EXERCISE DATA →
________

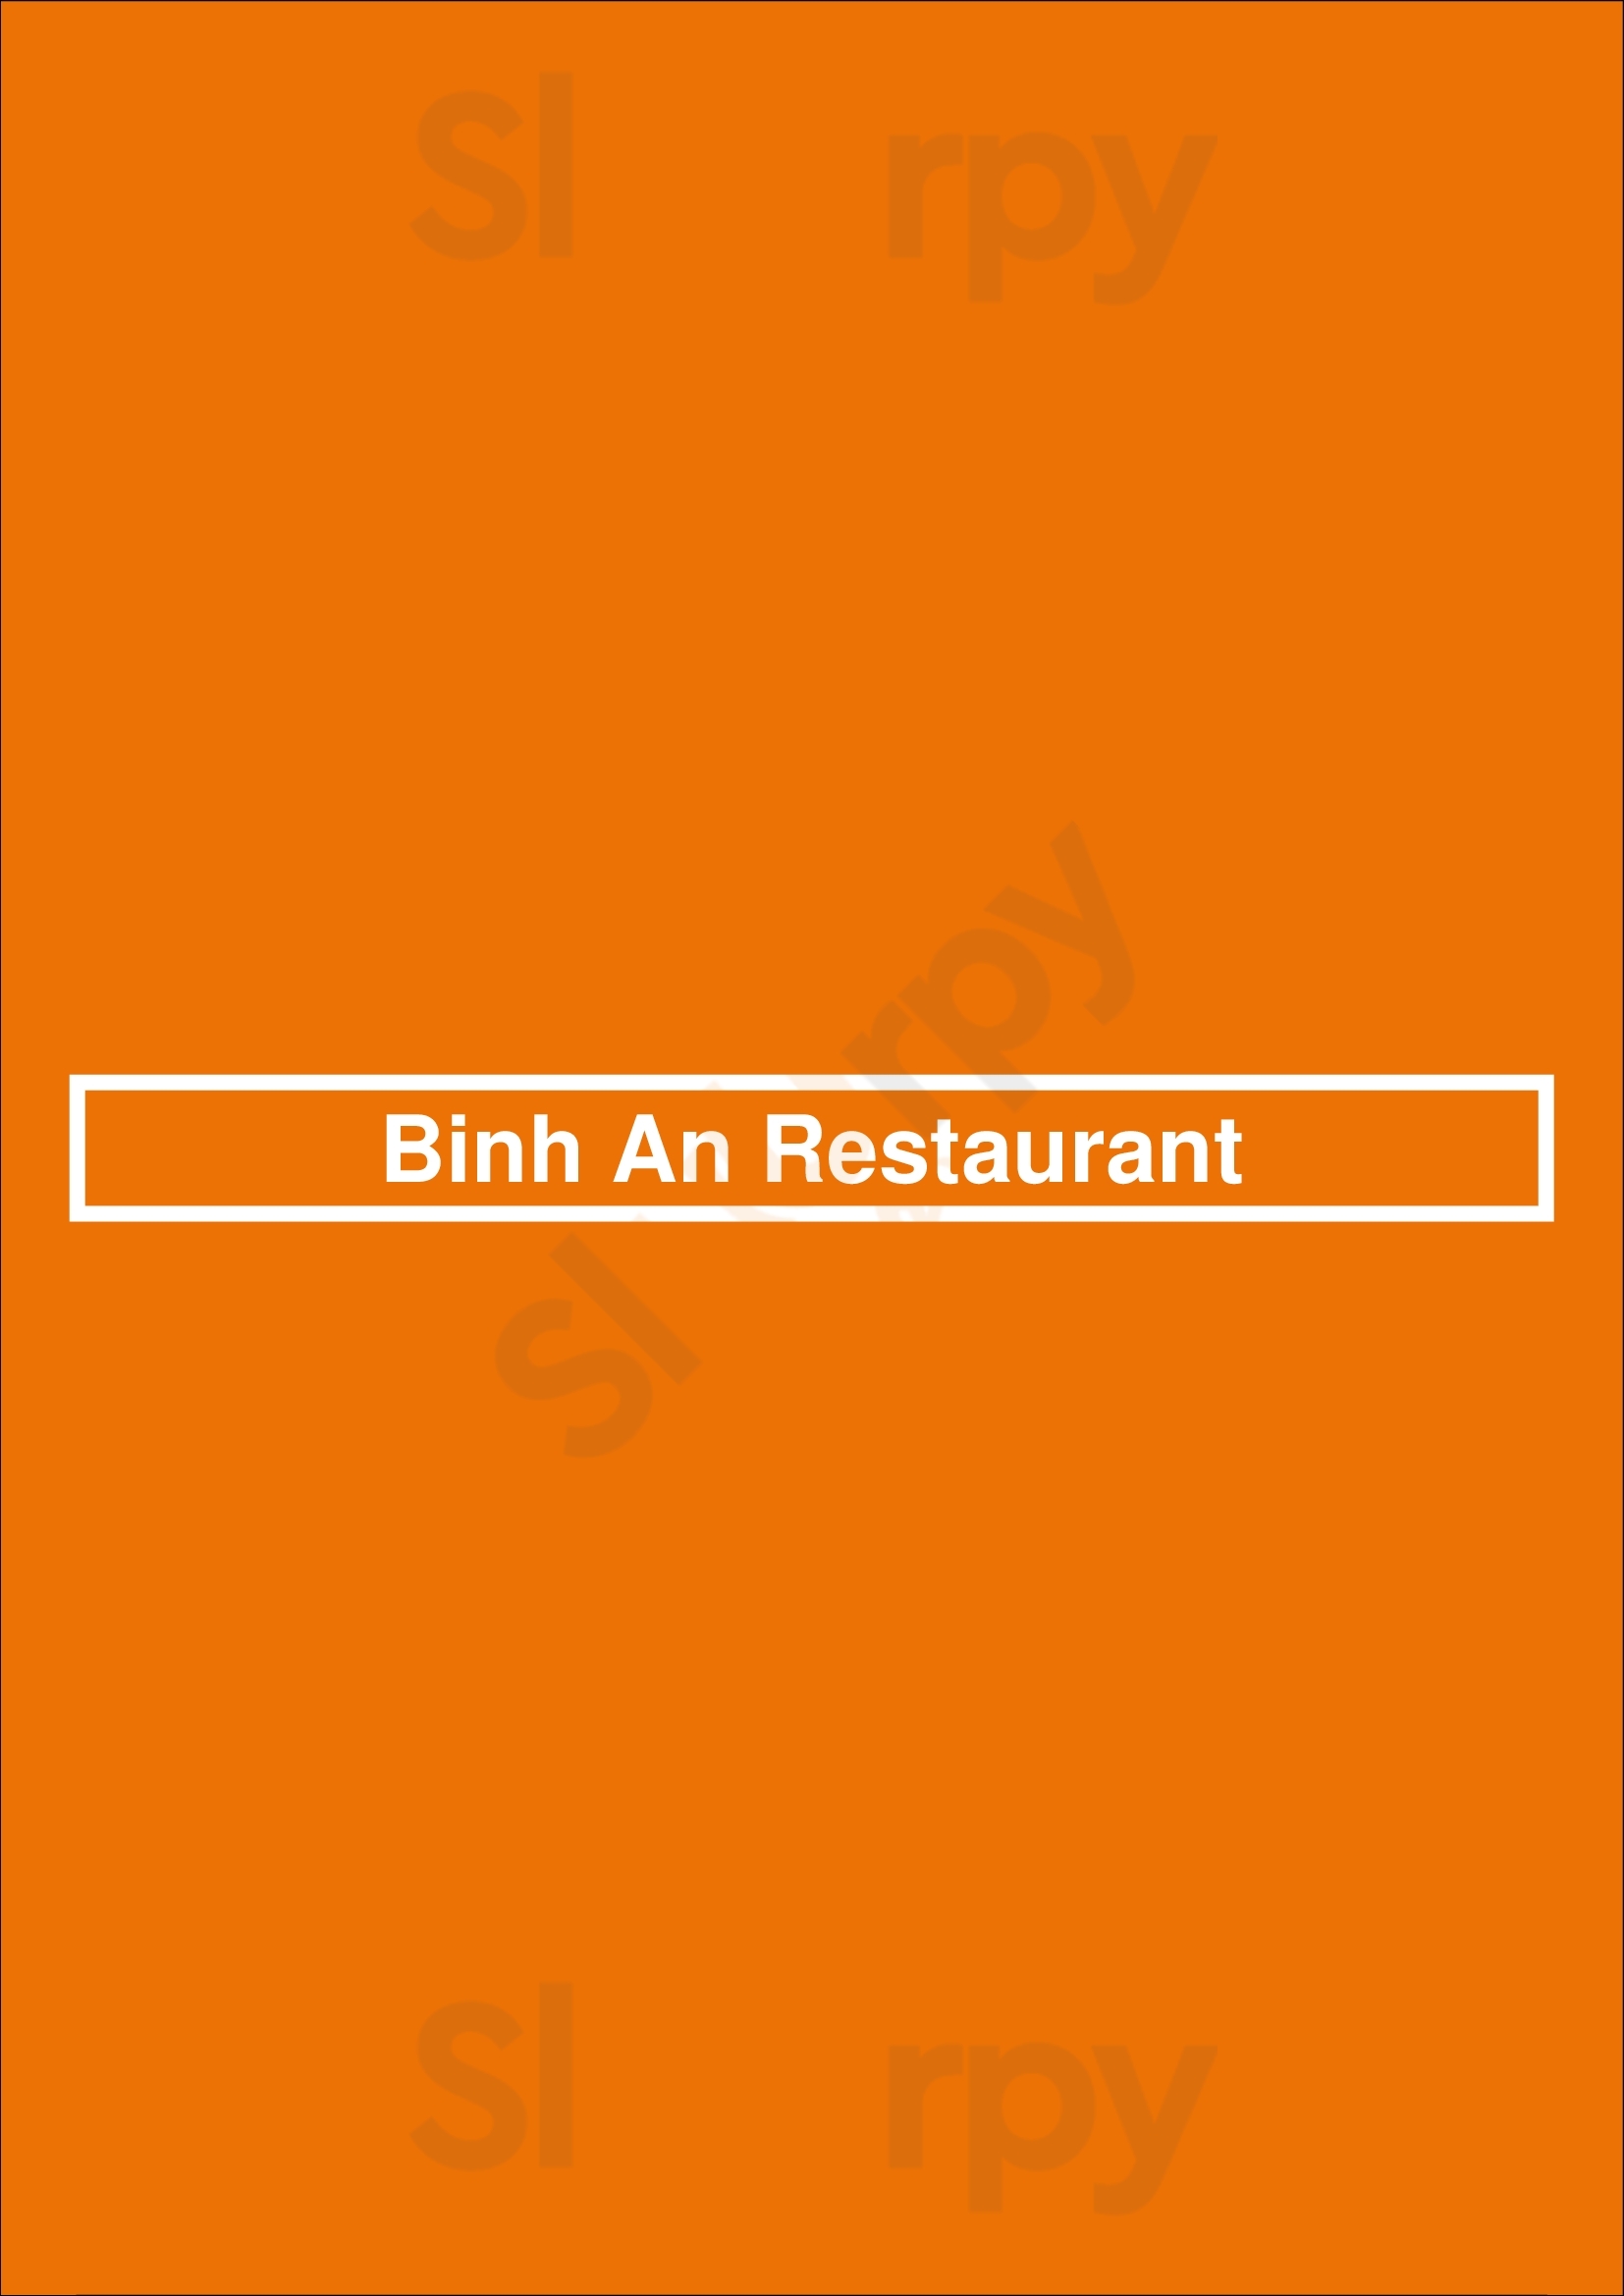 Binh An Restaurant Winnipeg Menu - 1
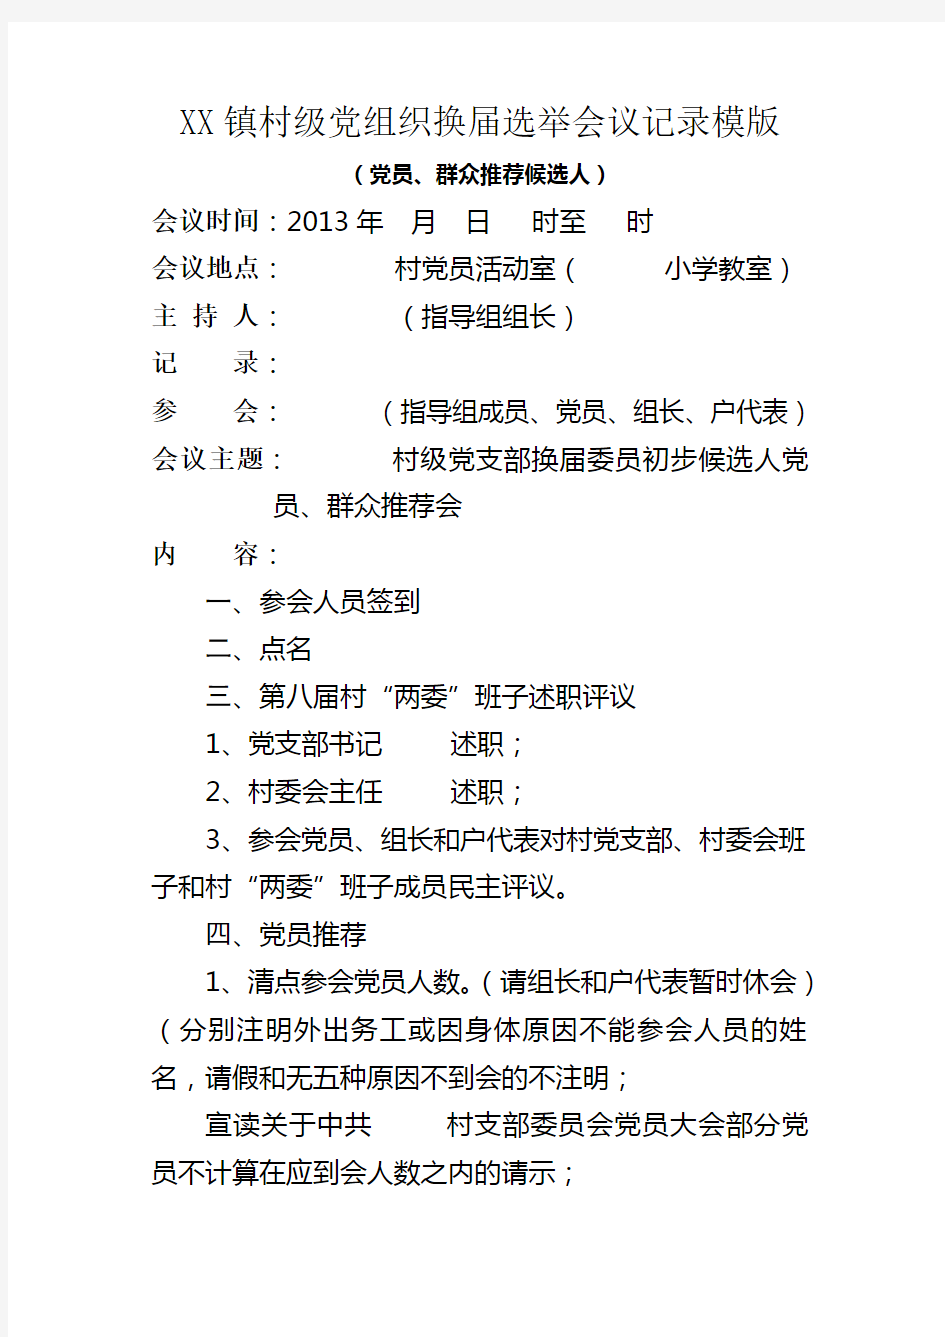 XX镇村级党组织换届选举会议记录模版
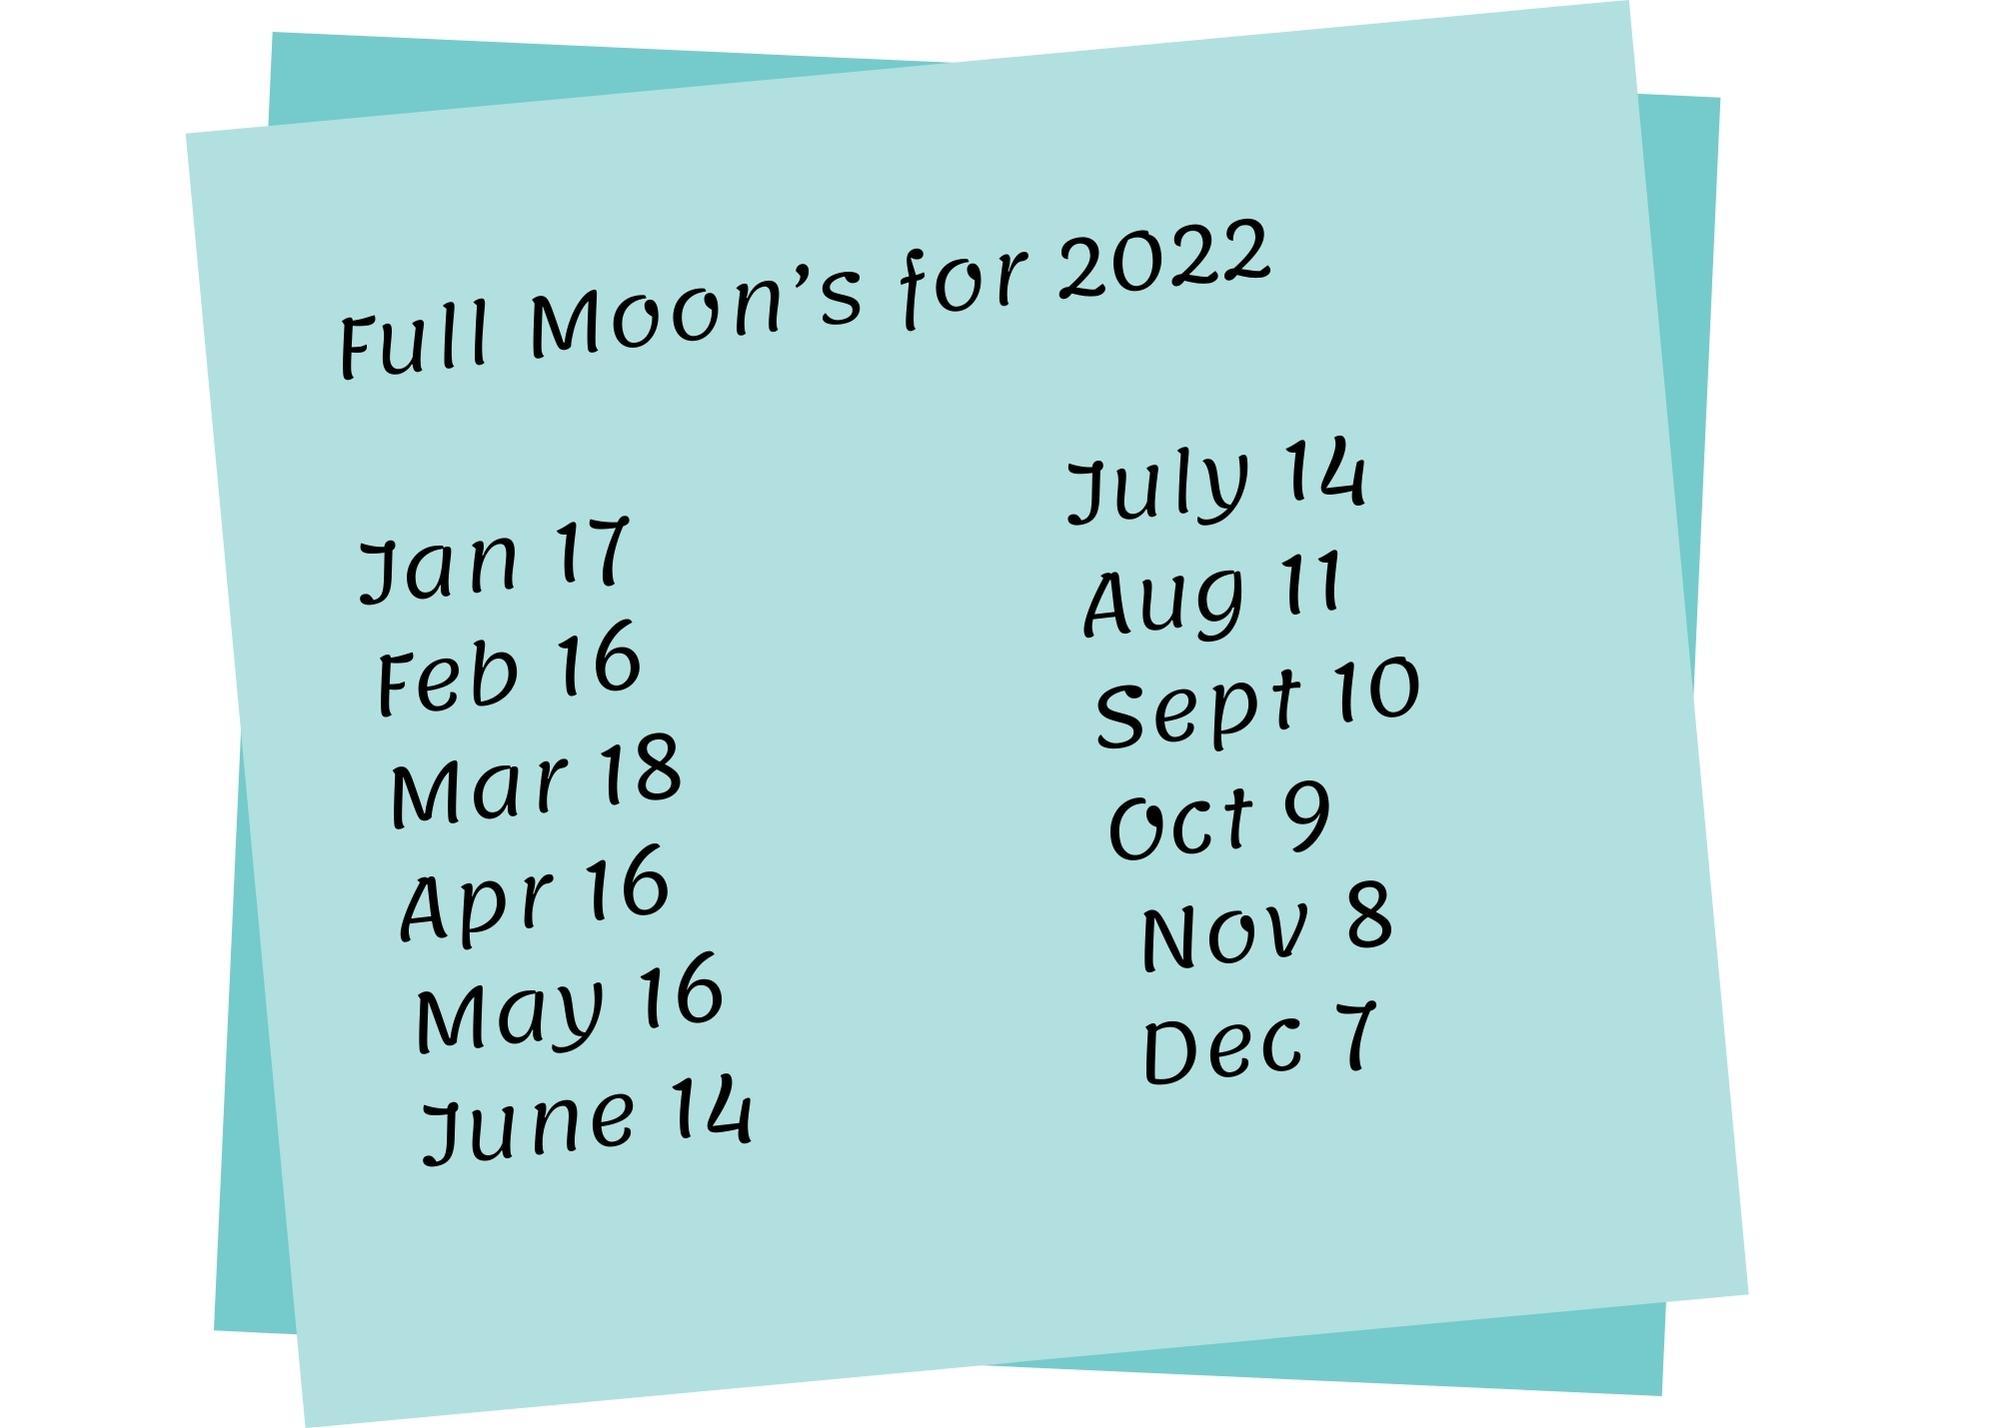 Full Moon 2022 Schedule
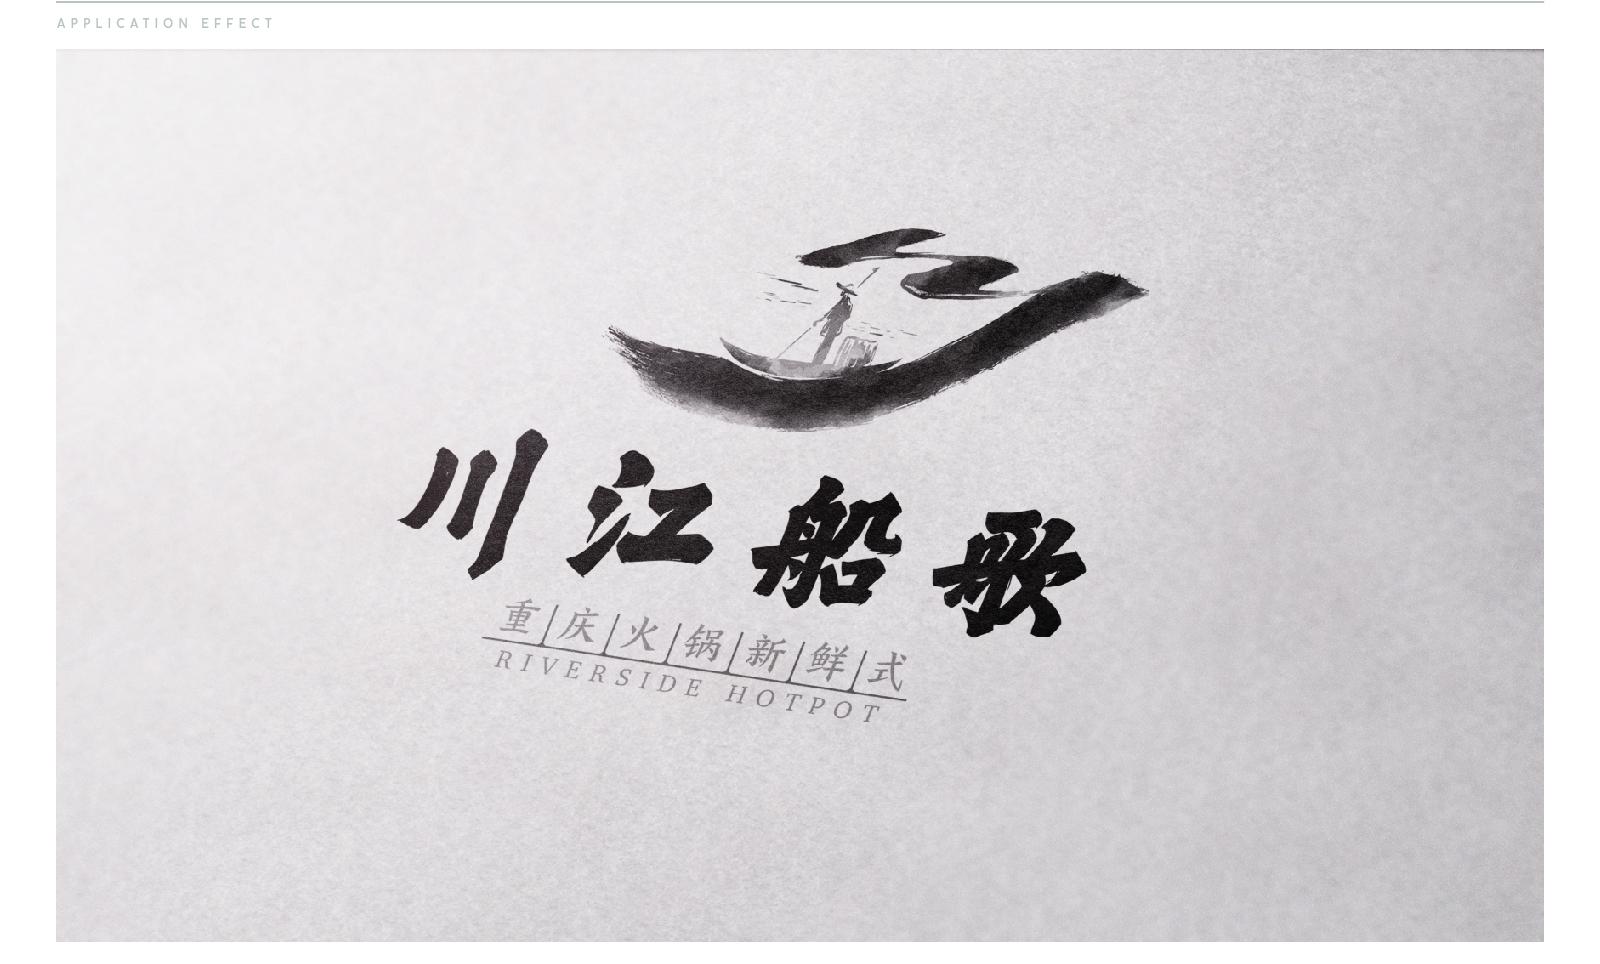 火锅logo设计——川江船歌

________

DIRECTIONS → Pictures aside, transcribe exactly the lines from the line containing "XX镇村级党组织换届选举会议记录模版" through the final line of the material above.

THE COMPLETED TASK →
 XX镇村级党组织换届选举会议记录模版
 Full Moon 2022 Schedule
 火锅logo设计——川江船歌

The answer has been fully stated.